In this study, we profiled 63 cases of DLBCL from northern China to compare with what has been reported in the literature for DLBCL in the United States or other Western countries. In each case, we assessed the cytologic features and used the Hans et al (10) IHC system to classify these cases into GCB and non-GCB types. We also assessed a number of other IHC markers and used fluorescence in situ hybridization (FISH) to assess BCL6, BCL2, and MYC rearrangements. To our knowledge, this is one of the largest studies on DLBCL from China.

MATERIALS AND METHODS

Case Selection

The study was conducted according to an institutional review board-approved laboratory protocol and followed the provisions of the Helsinki accord. The files of the Department of Pathology, the First Hospital of Peking University (Beijing, China) from January 2000 through December 2005 were searched for cases of DLBCL. Seventy-two cases were identified. The diagnosis of DLBCL was based on histologic and immunophenotypic findings using the criteria of the World Health Organization classification. (1) Cases with insufficient paraffin-embedded blocks were excluded, leaving a study group of 63 cases. Clinical information was obtained by review of the hospital-based medical records.
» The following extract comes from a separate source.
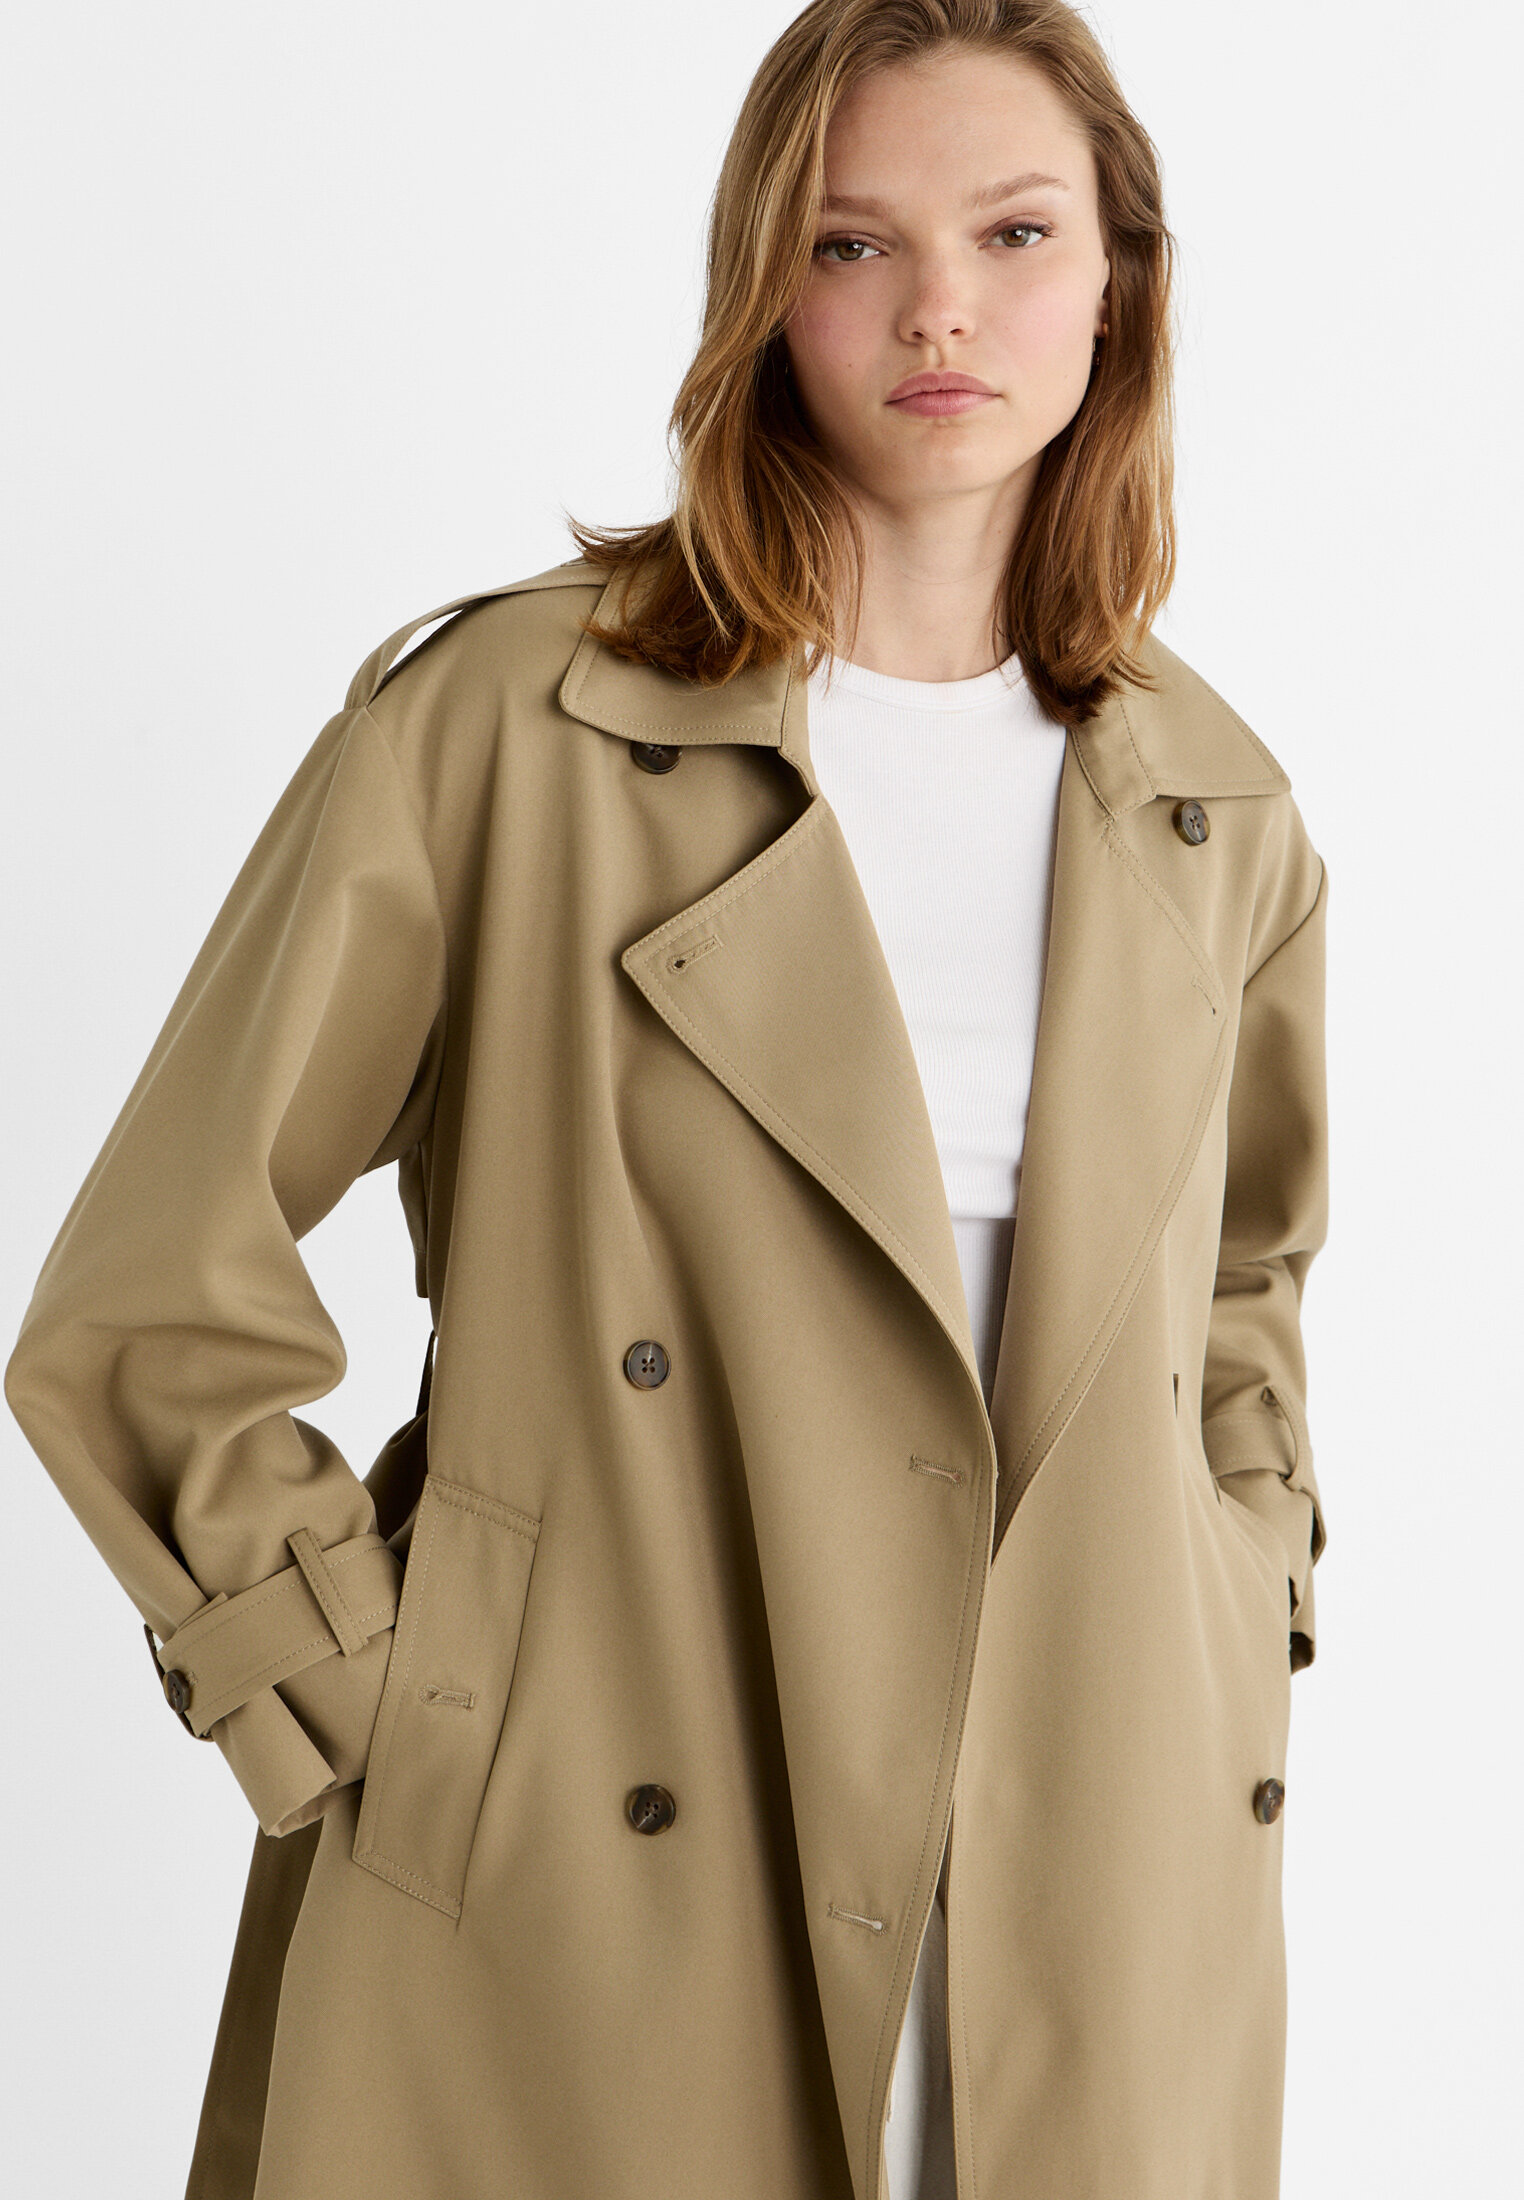 Long flowing lined trench coat

Hematoxylin-eosin-stained slides, routinely prepared from formalin-fixed, paraffin-embedded tissue sections, were reviewed.

Tissue Microarray

To construct tissue microarrays, 4 representative 0.6-mm cores of each tumor were selected from the formalin-fixed, paraffin-embedded tissue blocks and were relocated using a tissue arrayer (Beecher Instruments, Silver Spring, Maryland). Tissue sections of 5 mm thickness were then cut from the arrays using a standard microtome for immunohistochemistry and FISH.
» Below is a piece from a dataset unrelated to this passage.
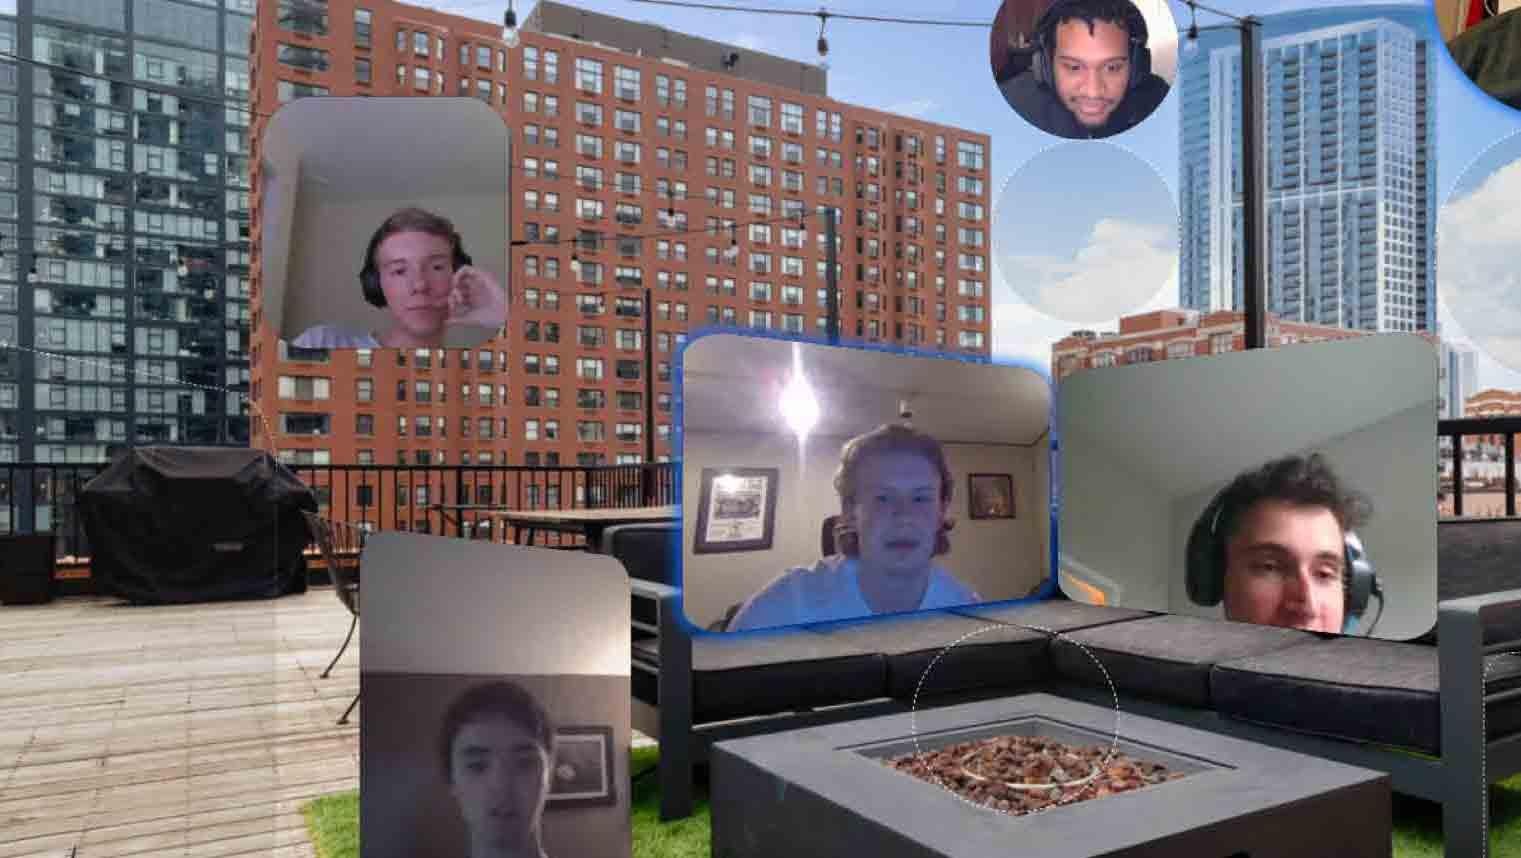 STS students seated on a virtual deck via the Nooks platform

Immunohistochemical Analysis

Immunohistochemical analysis was performed using formalin-fixed, paraffin-embedded tissue sections, an avidin-biotinperoxidase complex method, and an automated immunostainer (Ventana-Biotech, Tucson, Arizona) as described previously. (17) All tissue sections underwent heat-induced antigen retrieval. The antibodies were specific for CD5 (Labvision/Neomarker, Montreal, Quebec, Canada), CD10 (Novocastra/Vision Biosystem, Benton Lane, Newcastle upon Tyne, United Kingdom), CD20 (Dako, Carpinteria, California), CD30 (Dako), CD138 (Serotec, Raleigh, North Carolina), PAX5 (Transduction Labs, San Diego, California), BCL2 (Novocastra/Vision Biosystem), BCL6 (Dako), MUM1 (Santa Cruz Biotechnology, Santa Cruz, California), ALK (Dako), MIB-1 (Ki-67, Dako), p53 (Dako), and p63 (clone 4A4, Santa Cruz Biotechnology). Clone 4A4 recognizes both the transactivating and truncated p63 isoforms.
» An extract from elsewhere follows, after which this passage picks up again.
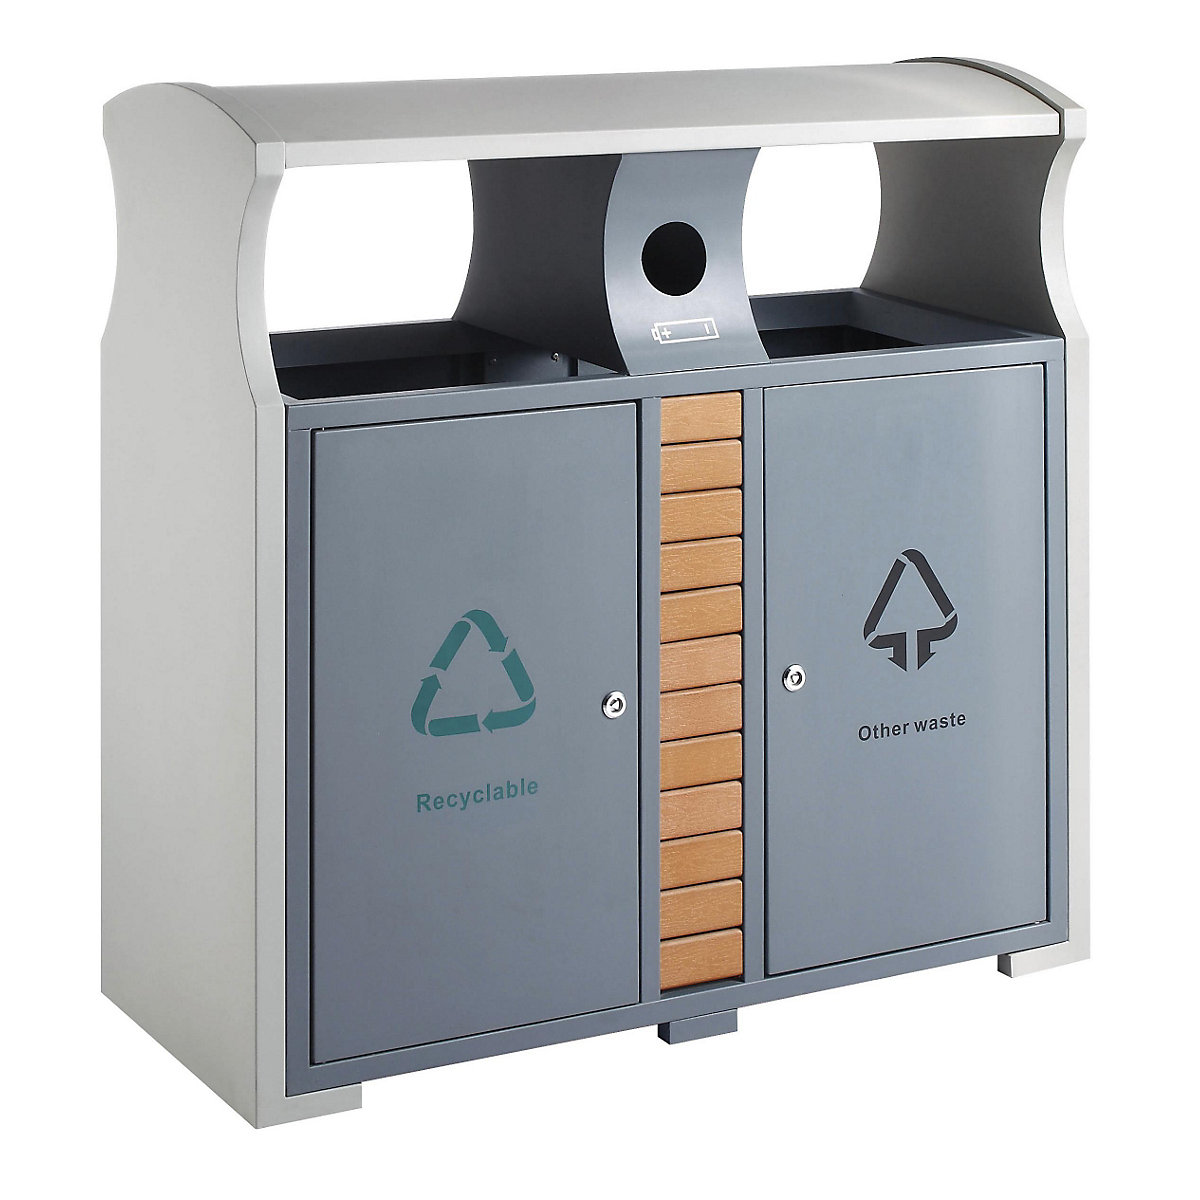 Recycling waste collector for outdoors

The IHC results for CD10, BCL2, BCL6 and MUM1 were designated as positive or negative according to the criteria defined by Hans et al, (10) with a cutoff level of 30%. Results of IHC studies for other antibodies were semiquantitatively scored as negative (-, <5% cells positive), weakly positive ([1.sup.+], 5% to <25% cells positive), moderately positive ([2.sup.+], 25%275% cells positive), or strongly positive ([3.sup.+], >75%-100% cells positive). The percentage of [Ki-67.sup.+] cells was estimated to the nearest 10% (ie, 10%, 20%, 30%, etc). Only nuclear staining was regarded as positive for Ki-67, PAX5, BCL2, p53, and p63. For all cases, both hematoxylin-eosin-stained and immunohistochemical slides were reviewed independently by 2 pathologists. Discordant interpretations were resolved by review at a multiheaded microscope.

Using the algorithm of Hans et al, (10) cases were designated as GCB if CD10 was positive, or as non-GCB if both CD10 and BCL6 were negative. If CD10 was negative and BCL6 was positive, the expression of MUM1 determined the subclassification: if MUM1 was negative, the case was assigned to the GCB subgroup; if MUM1 was positive, the case was assigned to the non-GCB subgroup.

In Situ Hybridization

In situ hybridization analysis for Epstein-Barr virus-encoded small RNA (EBER) was performed using formalin-fixed, paraffin-embedded tissue sections, a fluorescein-labeled peptide nucleic acid probe, and the Novocastra in situ hybridization kit (NCL-EBV-K) according to the manufacturer's instructions, with the appropriate positive and negative control samples.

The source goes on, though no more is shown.